* _THE PROBLEM_:
Please output the listing below character for character and omit the images.

* _DATASET EXTRACT_:
◆ ◆ ◆

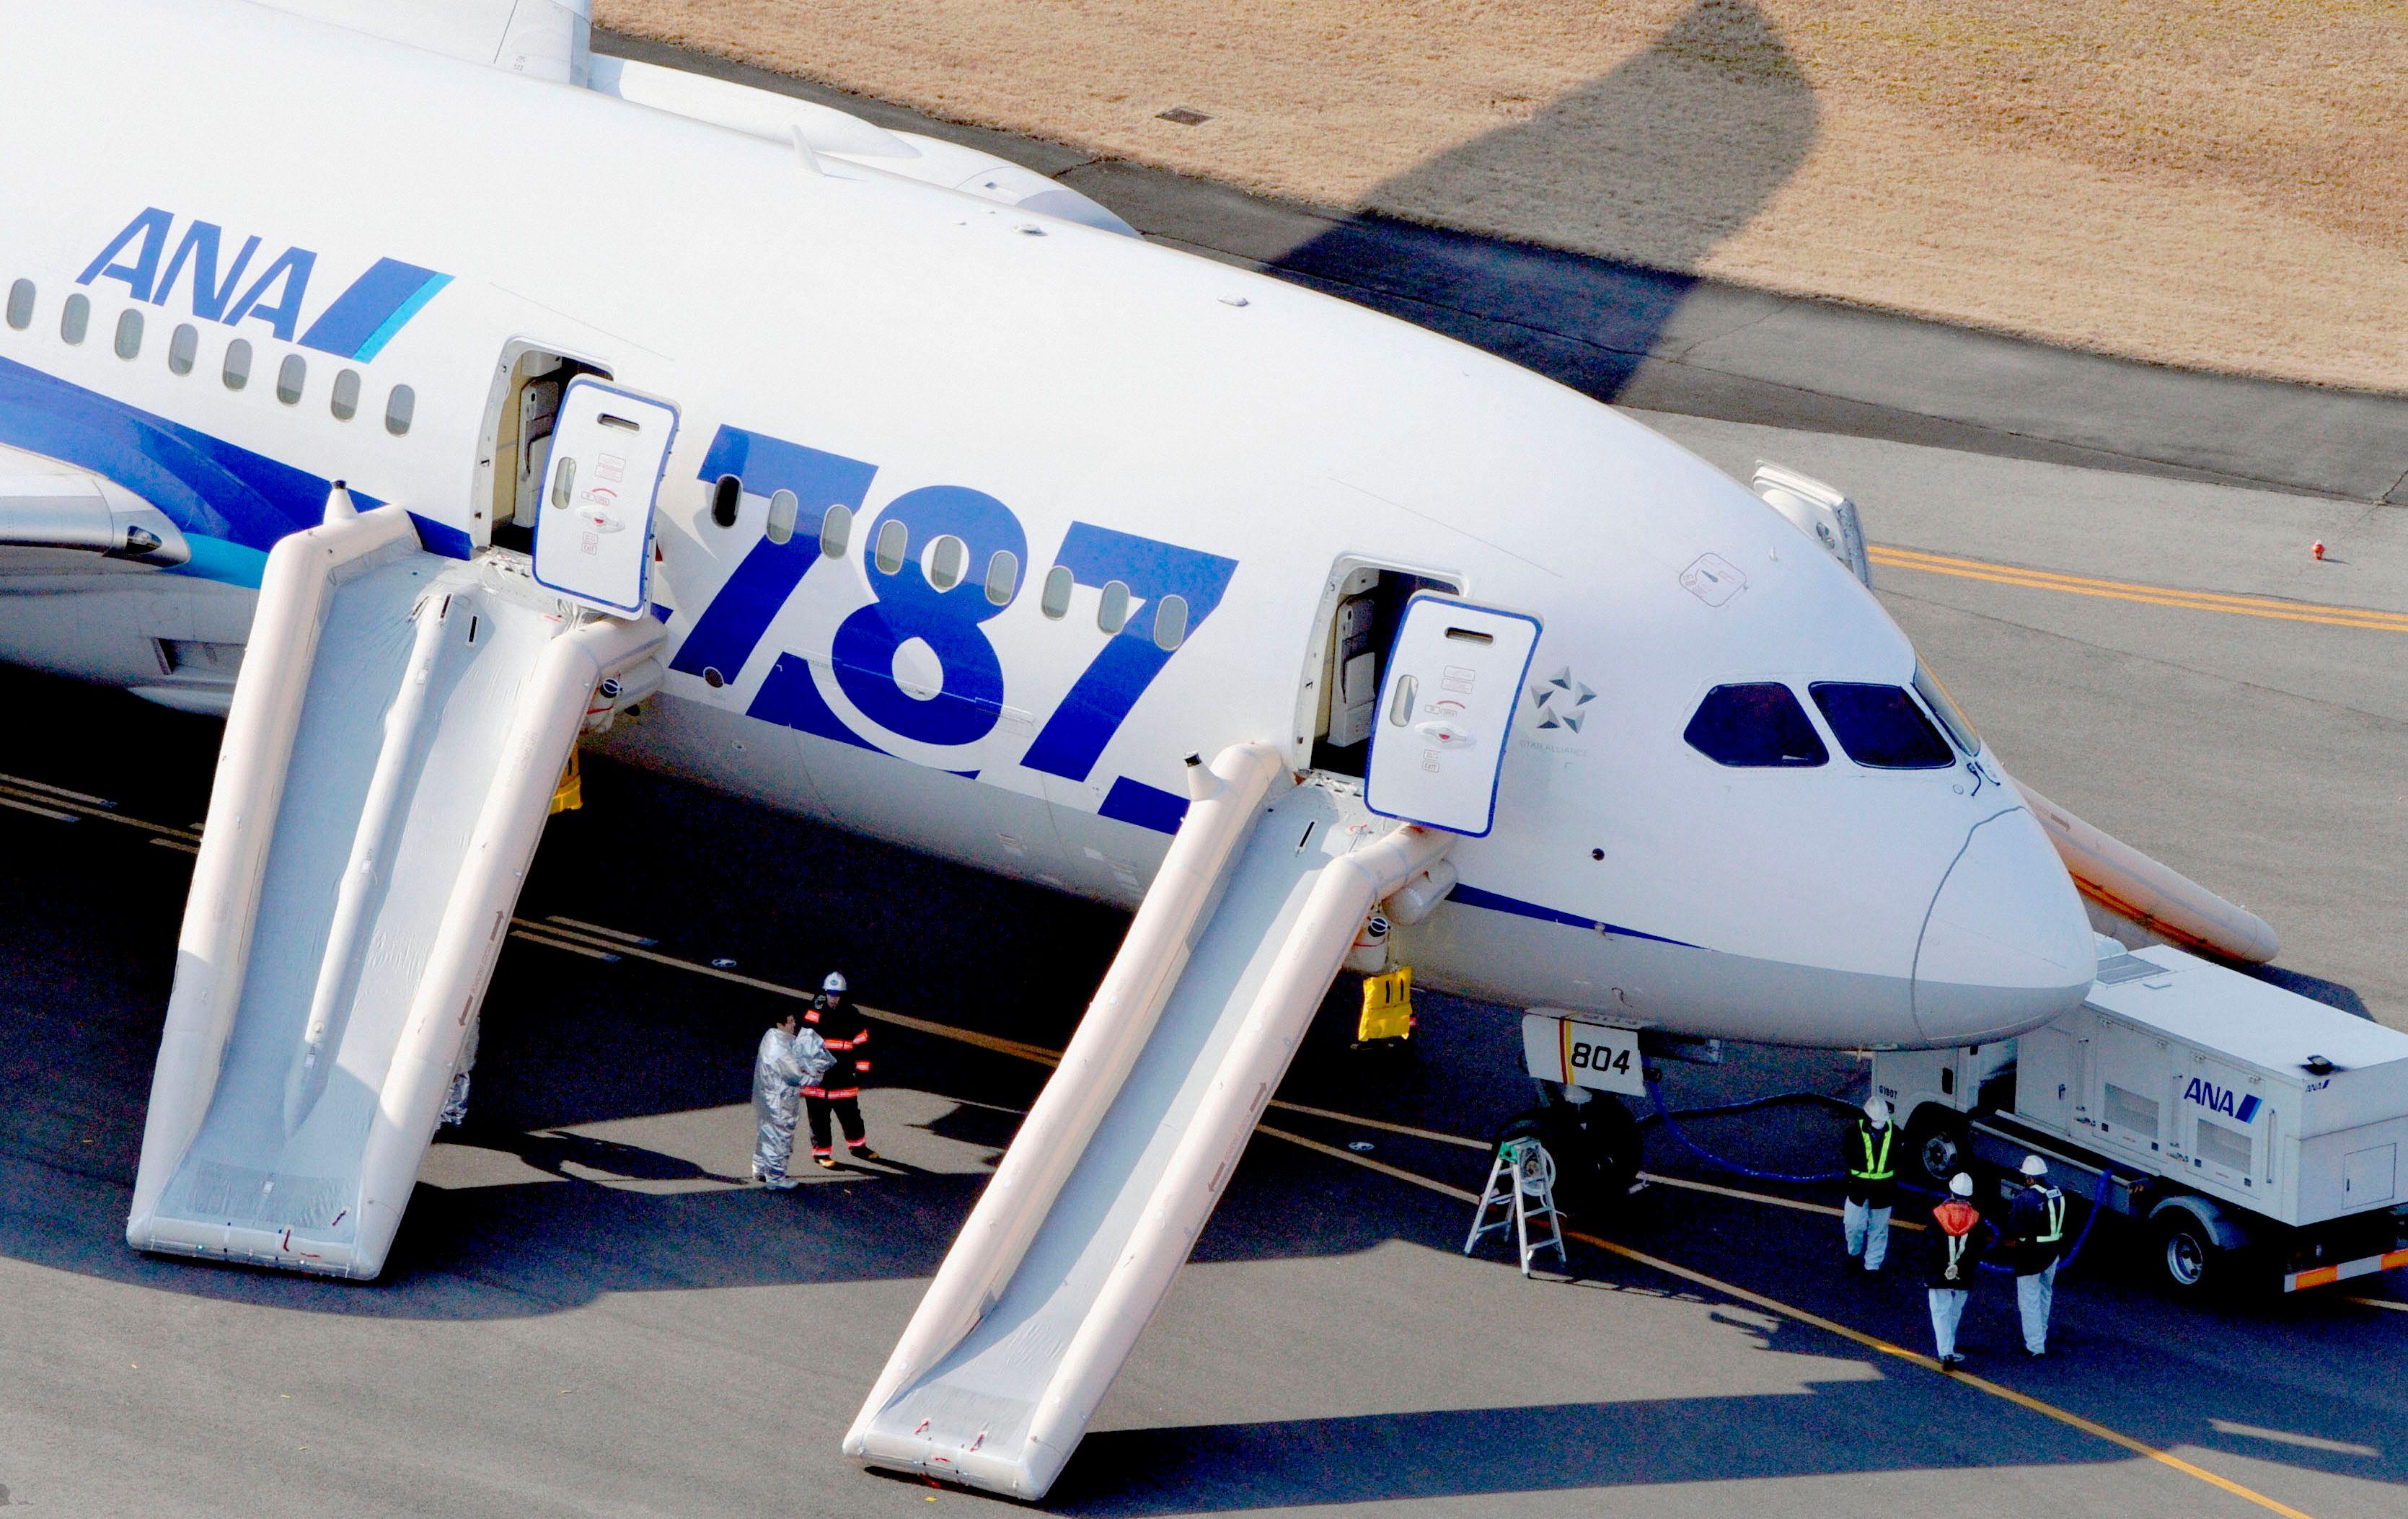 L'Europe face aux effets de l'America First : American Airlines annule une énorme commande d'Airbus au profit de Boeing
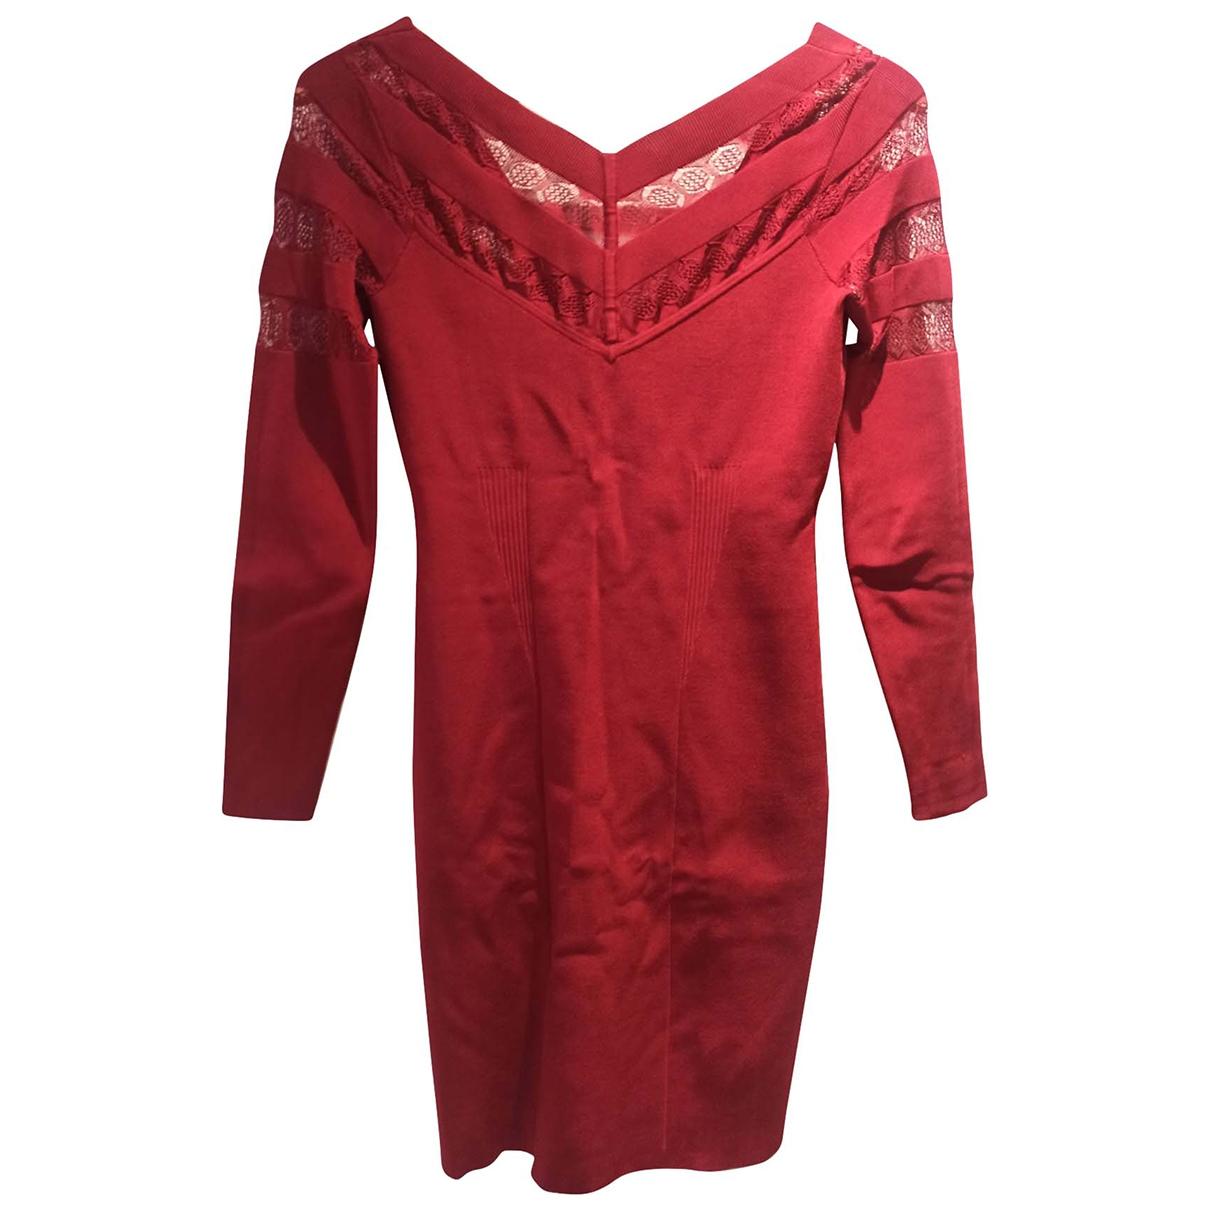 Karen Millen \N Red dress for Women 2 US
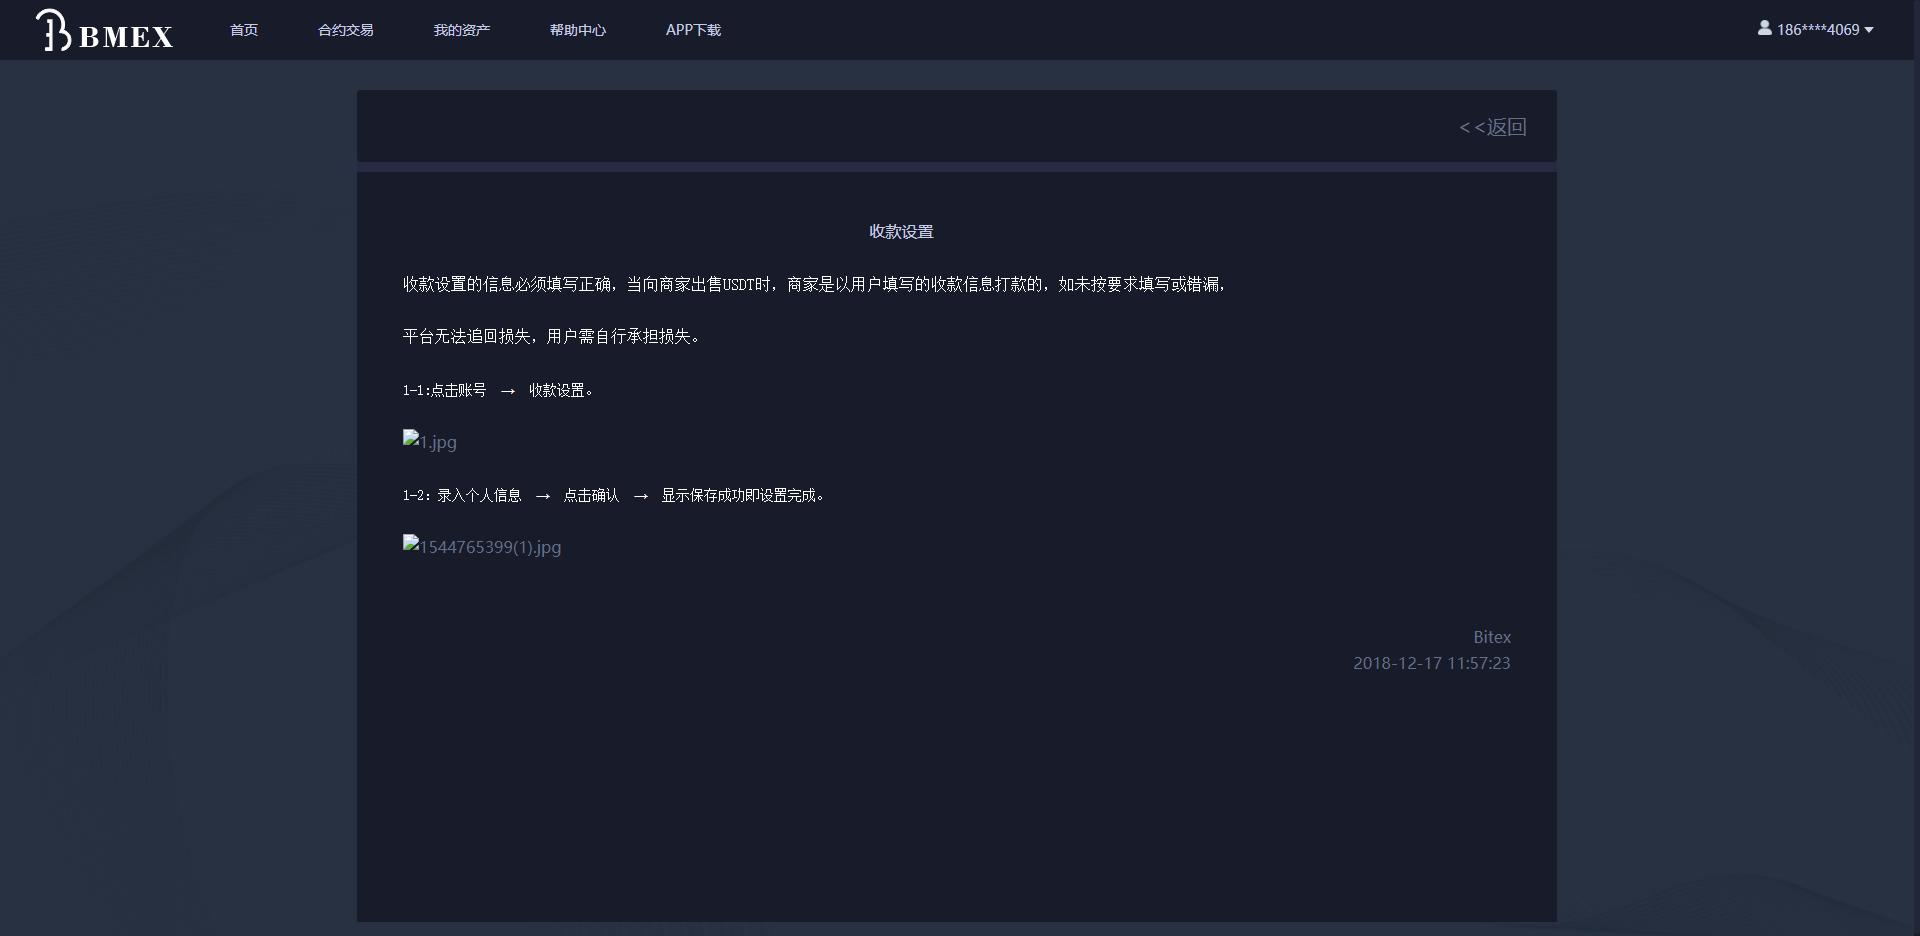 数字资产区块链+机器人区块链资产货币+USDT以太坊代币交易所系统+合约交易+C2C交易所开发全球区域网站源码下载
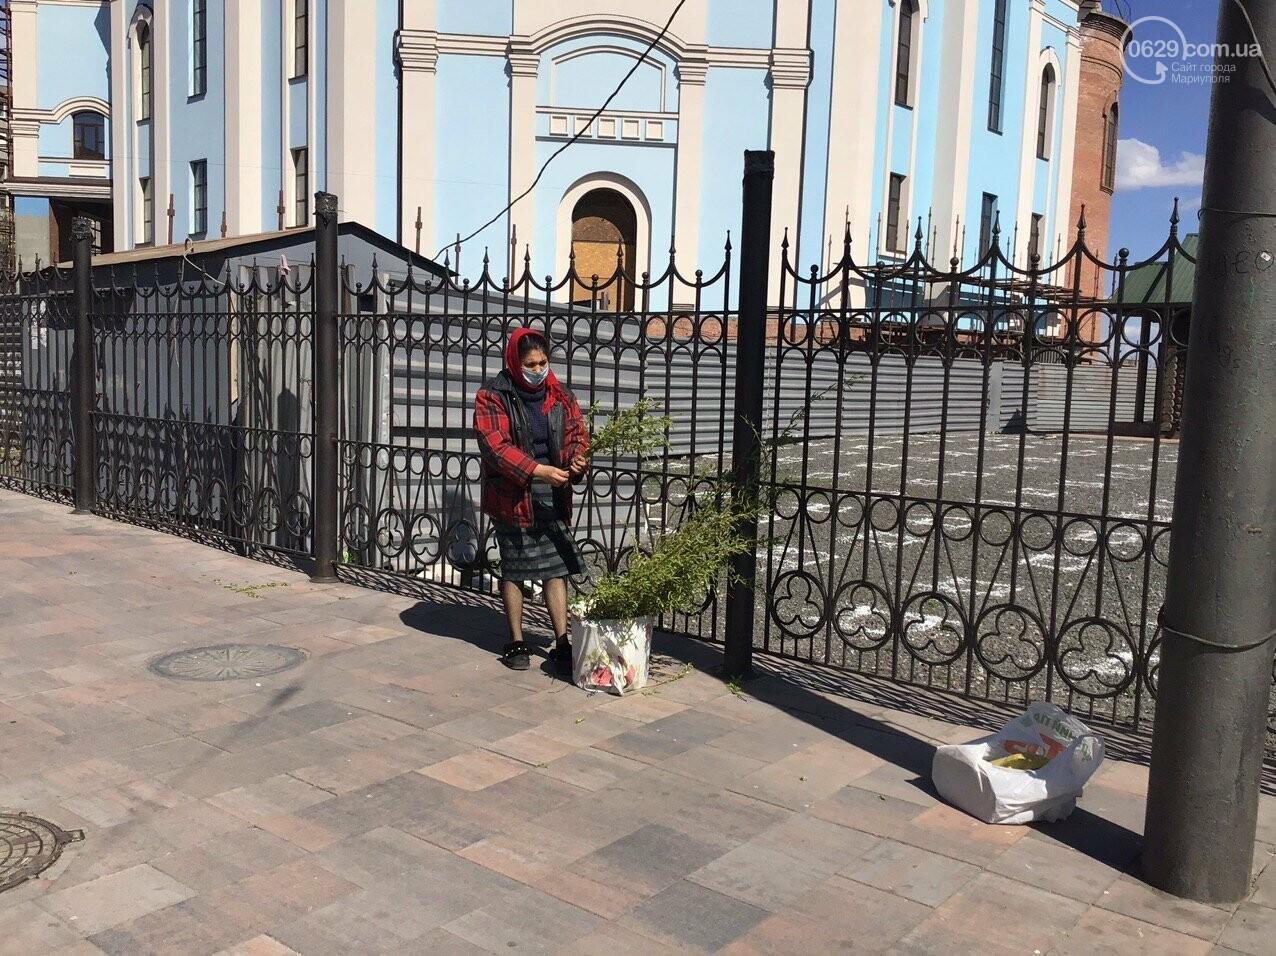 Вербное воскресенье в Мариуполе: как в храмах соблюдают карантин, - ФОТО, ВИДЕО, фото-9

◆ ◆ ◆

* _RESPONSE_:
 L'Europe face aux effets de l'America First : American Airlines annule une énorme commande d'Airbus au profit de Boeing
 Karen Millen \N Red dress for Women 2 US
 数字资产区块链+机器人区块链资产货币+USDT以太坊代币交易所系统+合约交易+C2C交易所开发全球区域网站源码下载
 Вербное воскресенье в Мариуполе: как в храмах соблюдают карантин, - ФОТО, ВИДЕО, фото-9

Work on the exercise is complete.